Information supplied:
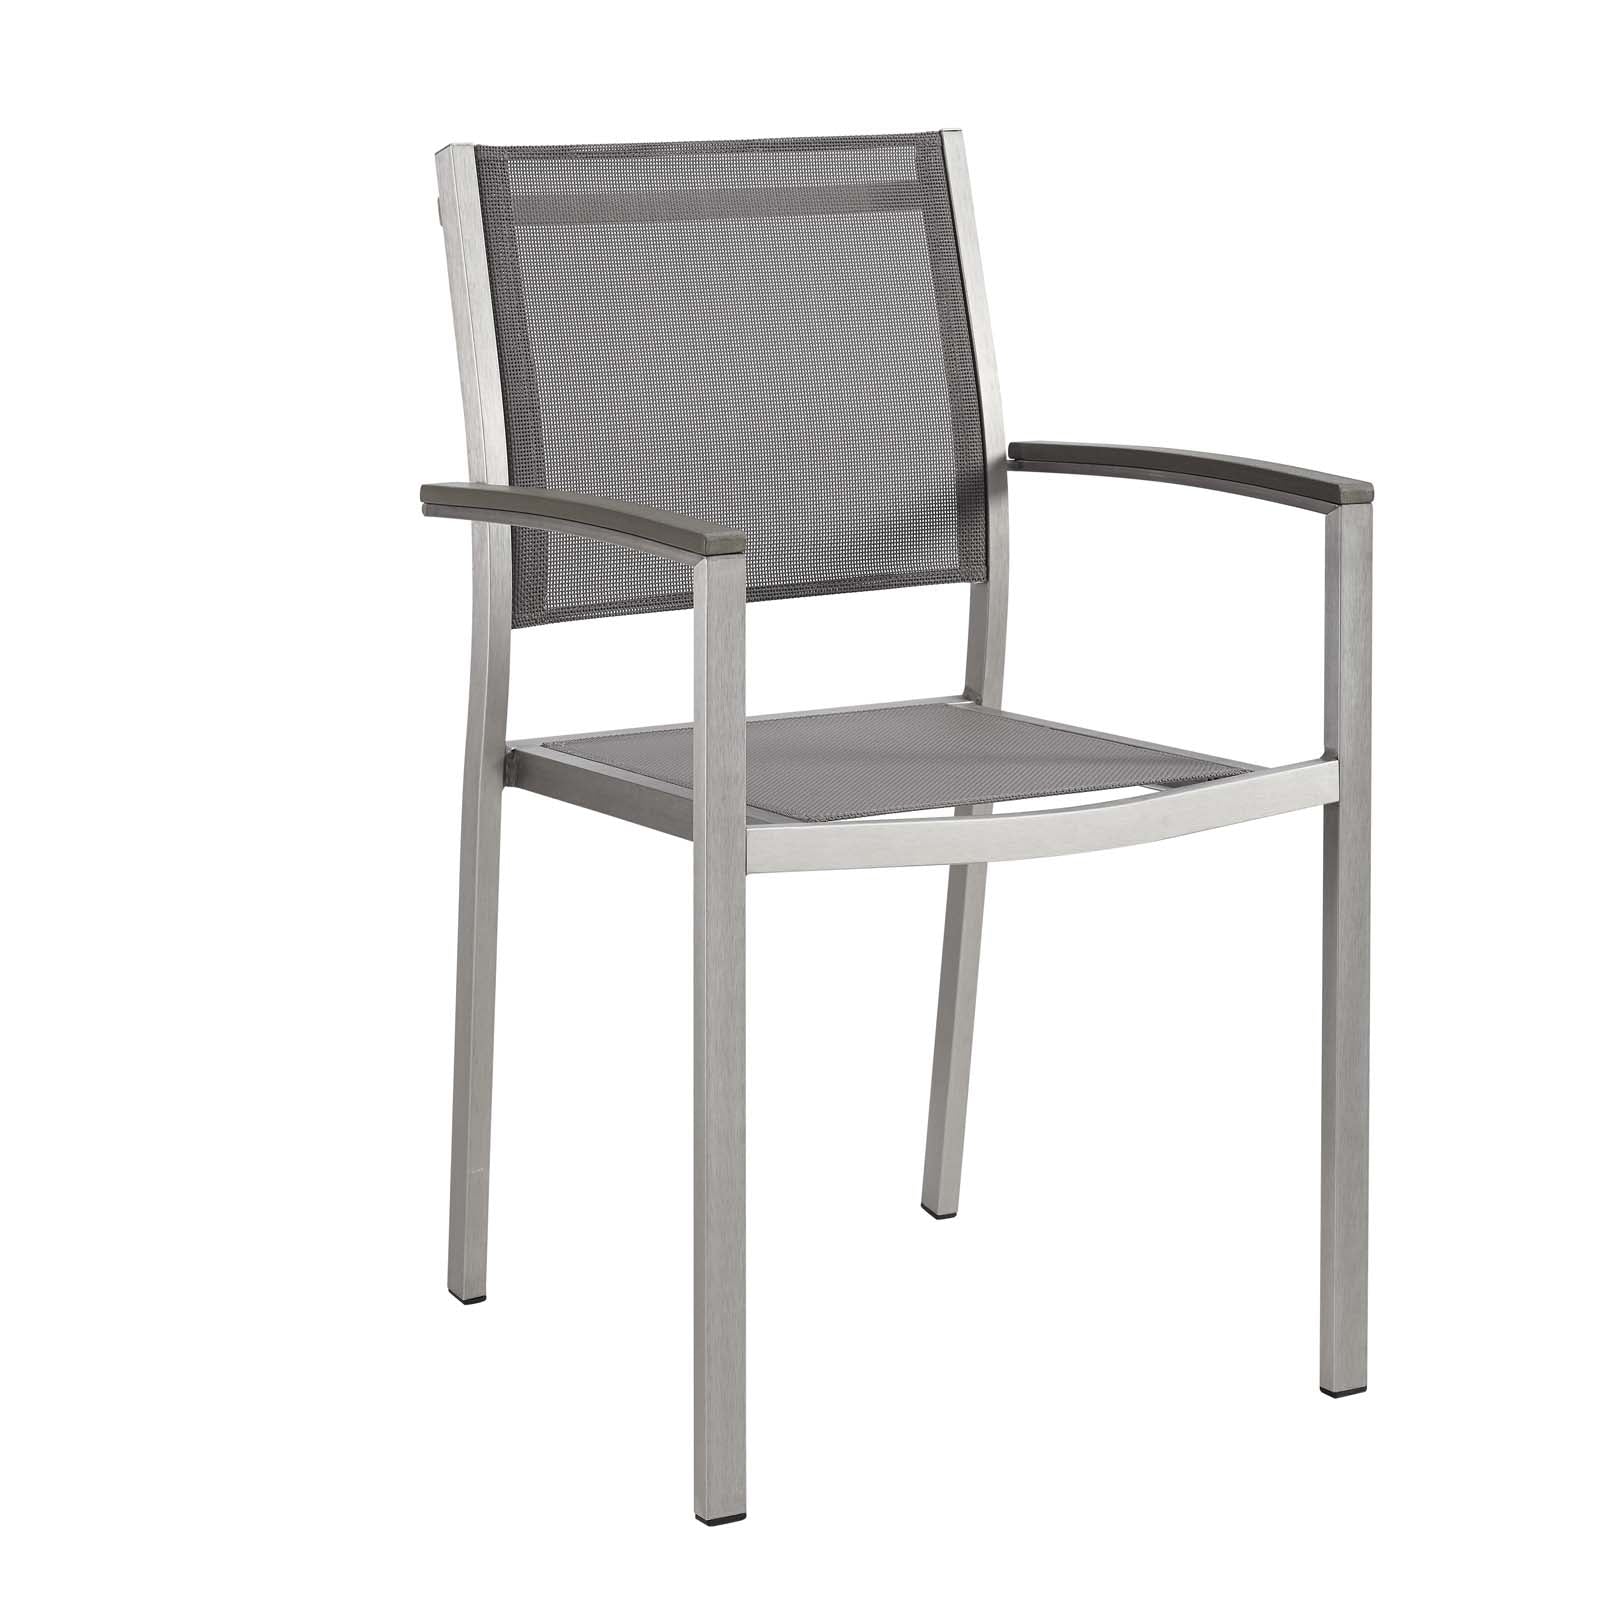 Shore Outdoor Patio Aluminum Dining Chair-Outdoor Dining Chair-Modway-Wall2Wall Furnishings
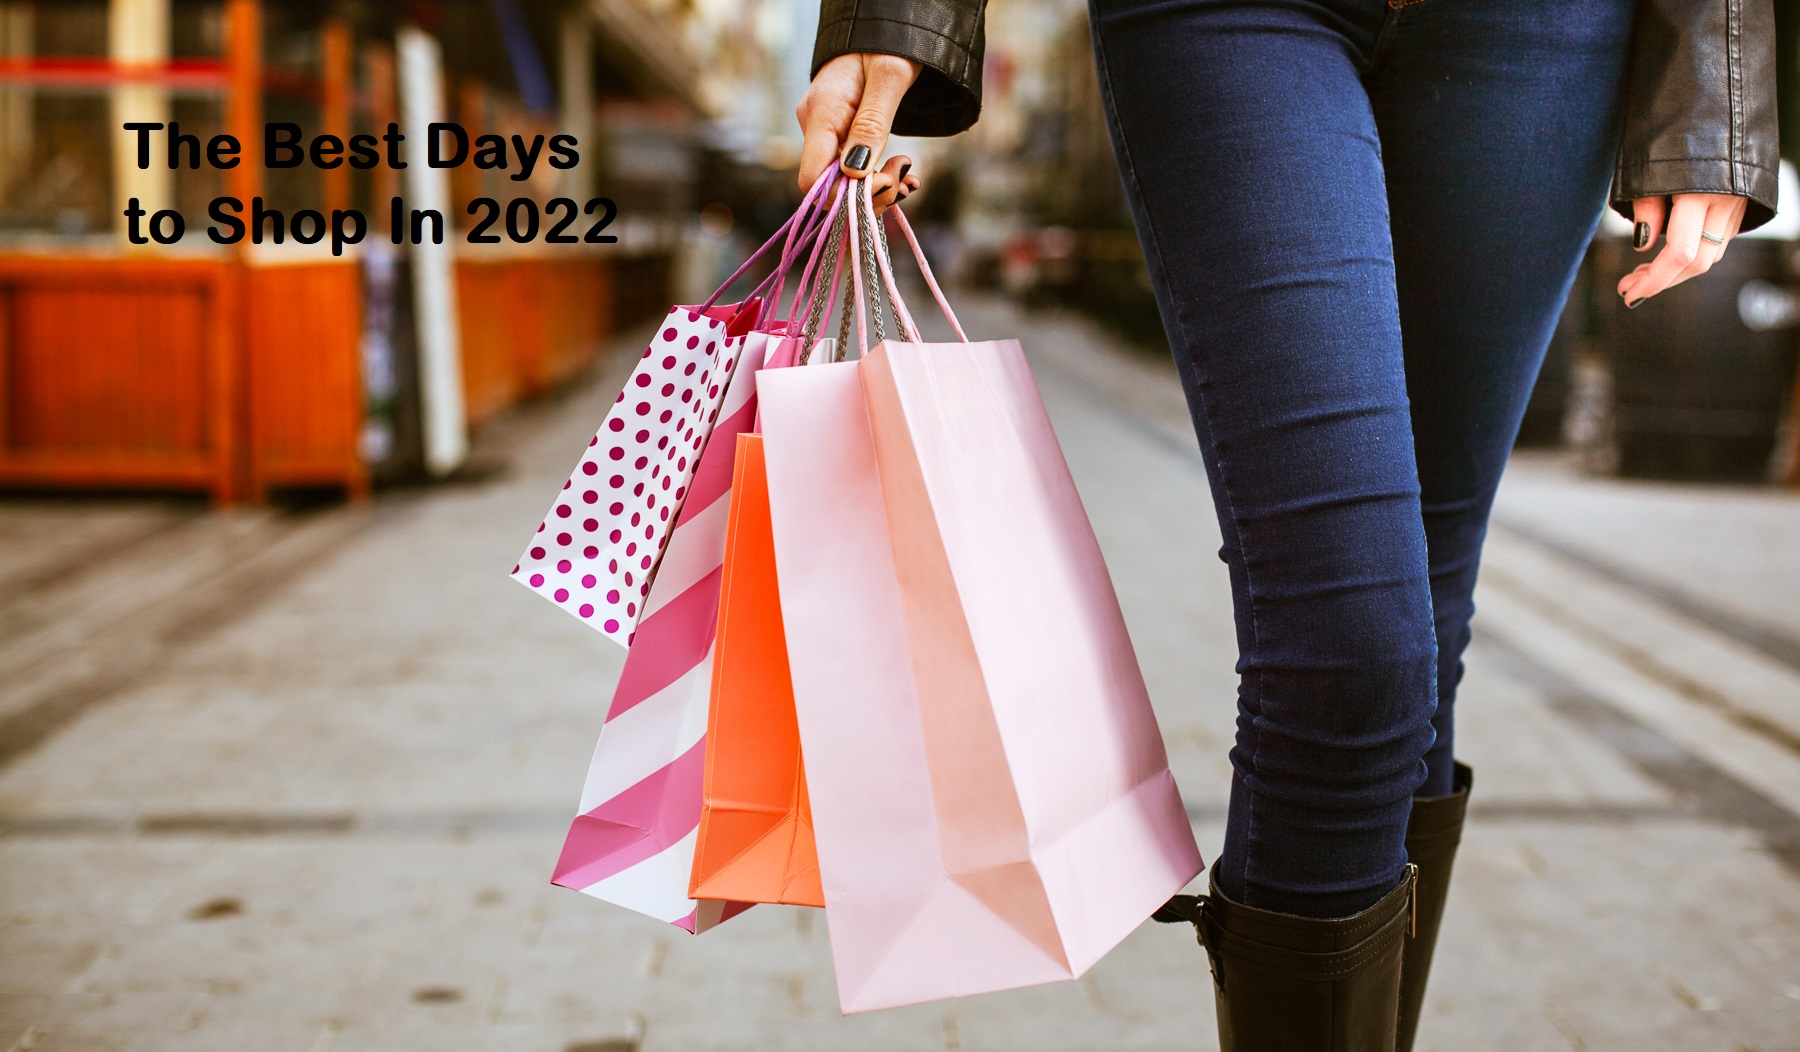 The Best Days to Shop In 2022
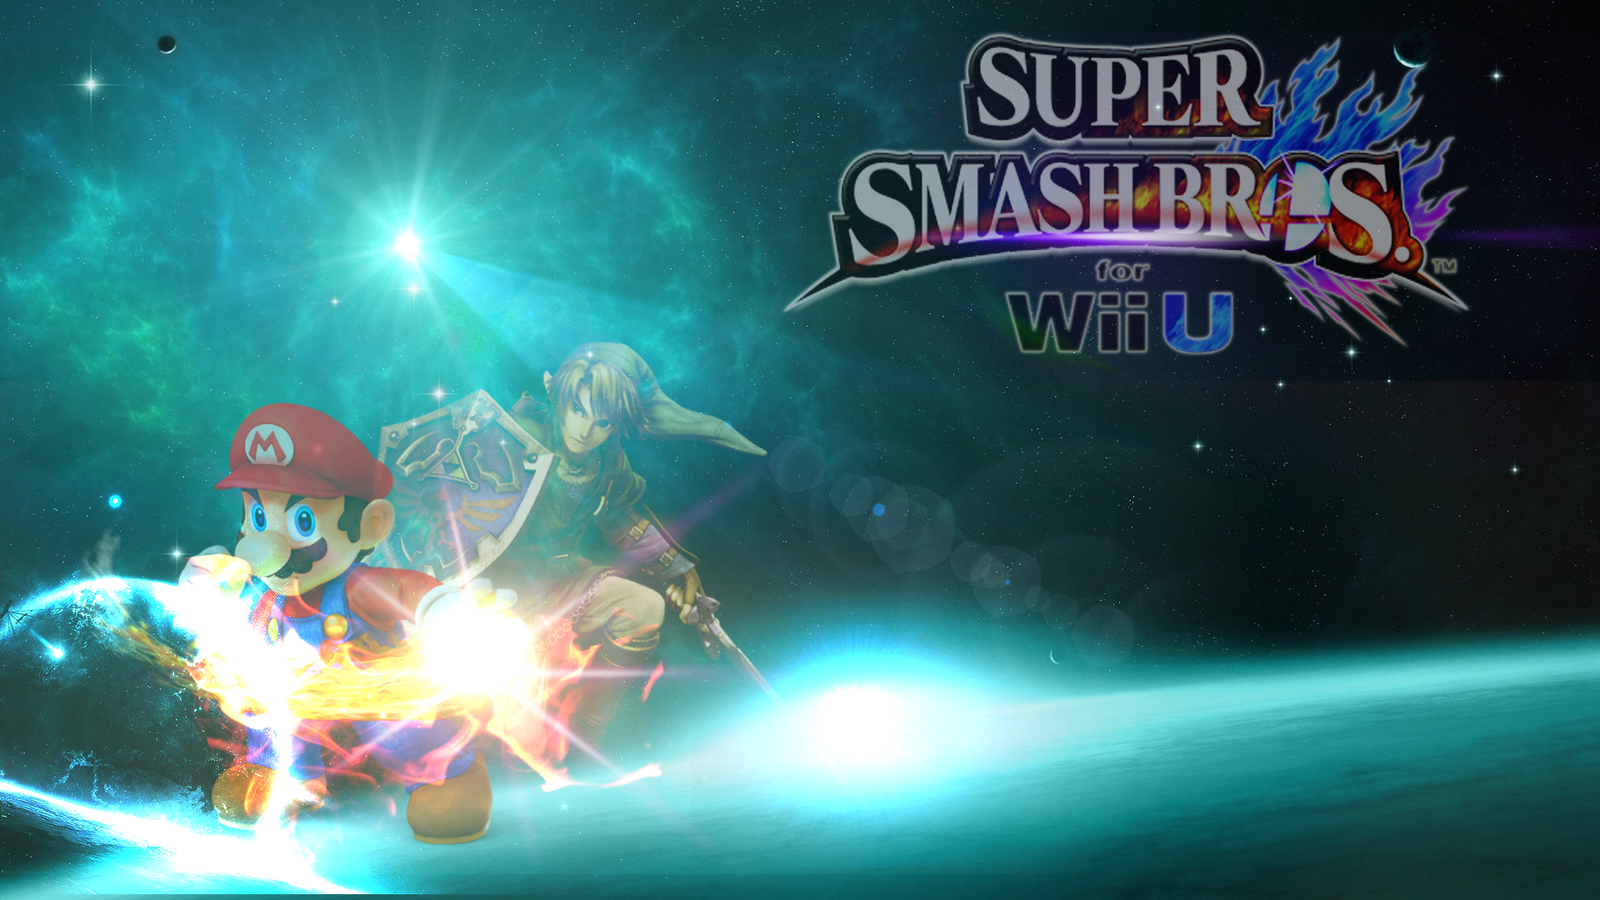 super_smash_bros_wii_u__wallpaper_hd__1920_x_1080__by_reymysterio79907-d68ob58.png

Exercise objective: An exact transcript of the listing is needed, free of pictures.

Result:
 Shore Outdoor Patio Aluminum Dining Chair-Outdoor Dining Chair-Modway-Wall2Wall Furnishings
 The Best Days to Shop In 2022
 super_smash_bros_wii_u__wallpaper_hd__1920_x_1080__by_reymysterio79907-d68ob58.png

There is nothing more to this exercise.